1. connerie ou pas de ma part, j'ai installé HotSpotShield (pourtant recommandé par des sites de confiance il me semble) pour pouvoir visualiser JustinTV de l'etranger sans que ma connection qu streaming ne coupait regulierement (limitation geographique).

2. j'ai decidé de virer ce HotSpotShield car il m'a pas convaincu.

3. depuis je peux plus me connecter depuis ma chambre d'hotel a internet, sauf si j'accepte un pop up qui me demande si je dois accepter les connections entrantes a "configd".

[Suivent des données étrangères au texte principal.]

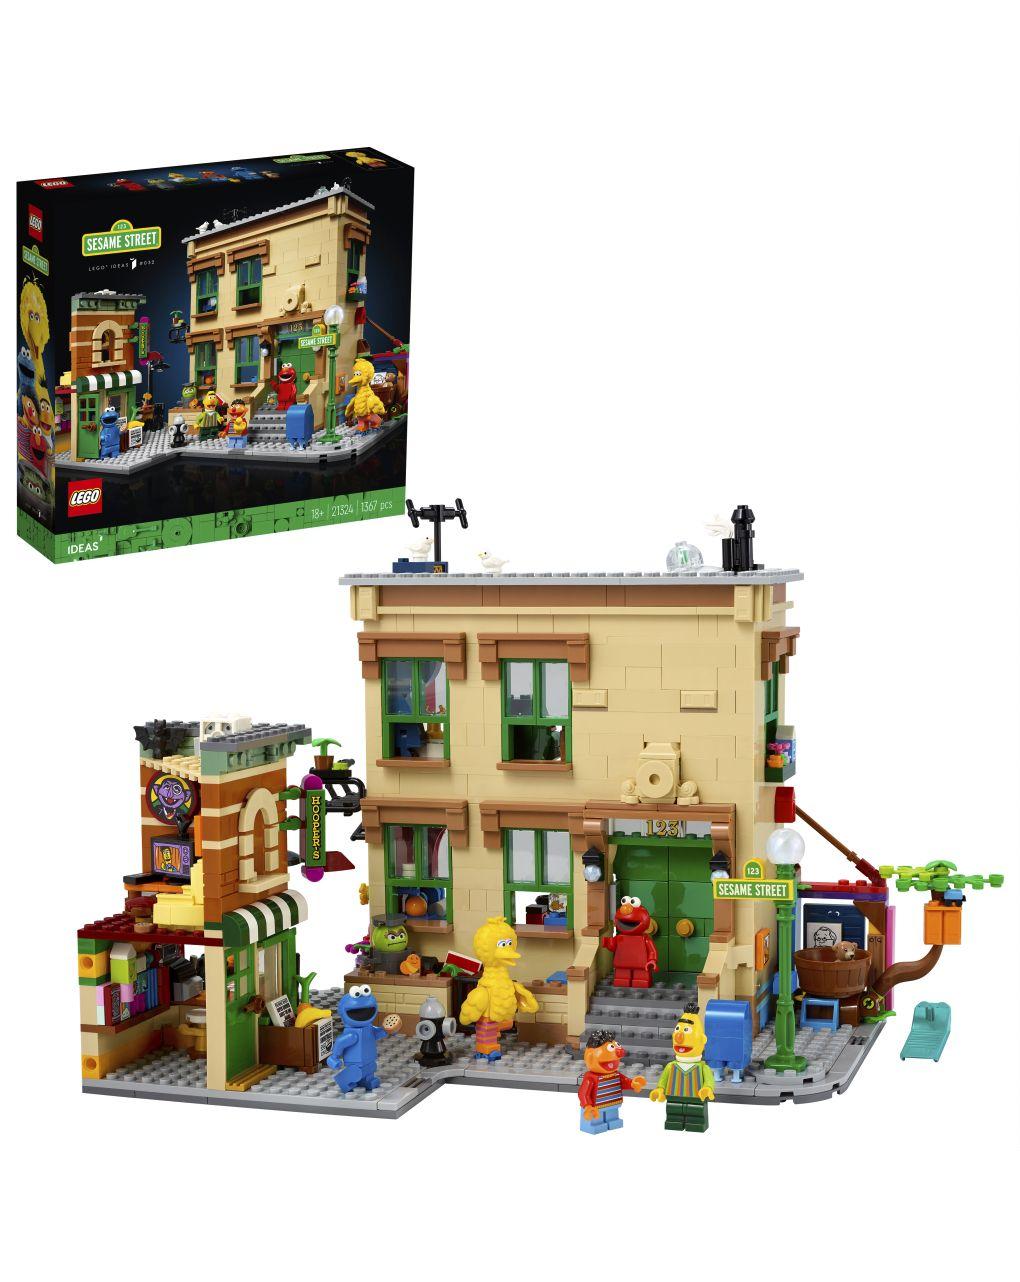 Lego ideas - 123 sesame street - 21324 - LEGO
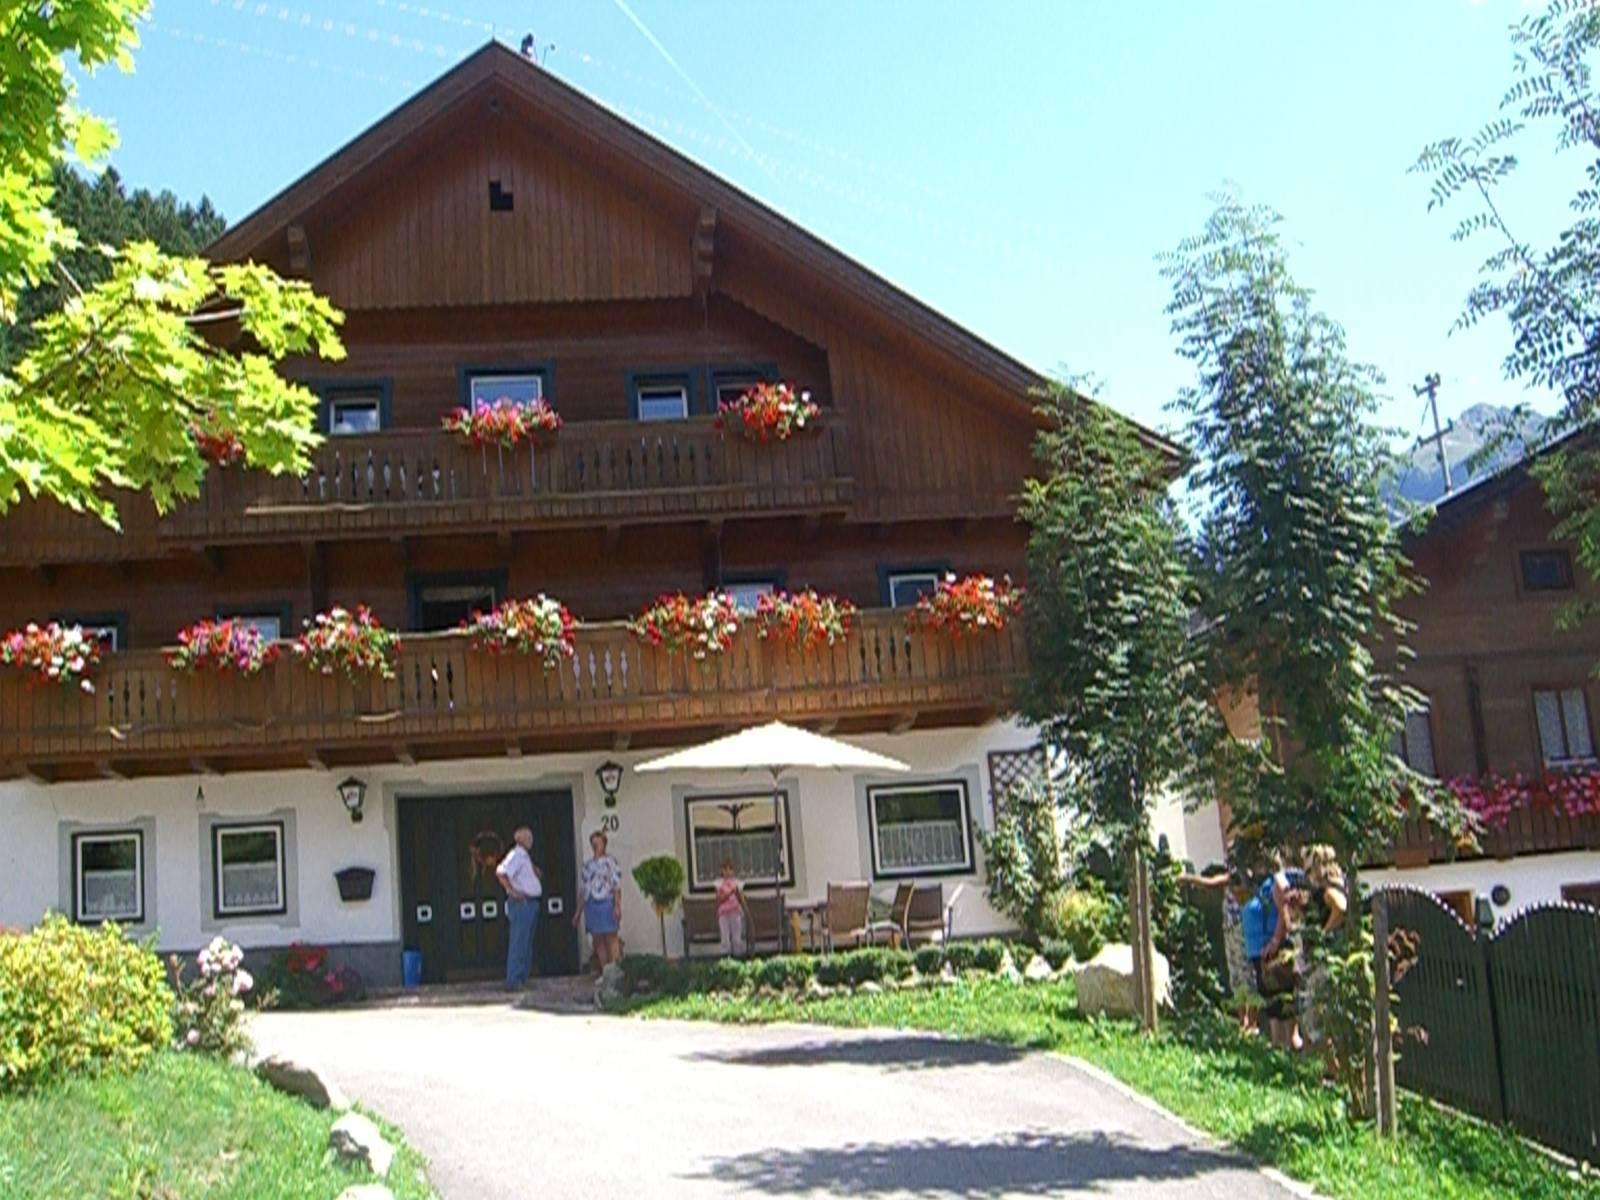 Gasthof Dorfschenke Stall Revngo Com

Je sais pas ce que c'est (mais j'ai du accepter pour pouvoir enfin avoir acces au net et verifier) mais dans tous les cas c'est pas normal cette demande de connection entrantes a chaque demarrage de session.

Pouvez vous m'aider??? :rose:


----------



## schwebb (16 Octobre 2009)

Hello,

configd, c'est un démon système qui contrôle l'accès au réseau.

Il faudrait l'autoriser dans le pare-feu, mais comme c'est un démon système je ne sais pas comment on fait. 

Attends d'autres avis que le mien, mais je pense qu'il faudrait déjà essayer de déposer sur le bureau le fichier suivant:
DisqueDur/Bibliothèque/Preferences/com.apple.alf.plist
Voir ce que ça donne. Si c'est bon, tu pourras le jeter.

À tout hasard, si tu as Little Snitch, vérifie que configd fait bien partie des processus autorisés (normalement oui, par défaut Little Snitch autorise les connexions système).


----------



## Mac*Gyver (16 Octobre 2009)

ok, deja ca me rassure que ce soit un service d'OS X .

Mon mac me demande a chaque fois donc je vais tenter de voir comment autoriser "tout le temps".

Sinon j'ai Little Snitch mais lui ne pose pas de probleme.

merci a toi, j'attends d'autres avis avant de faire des modif plus loin


----------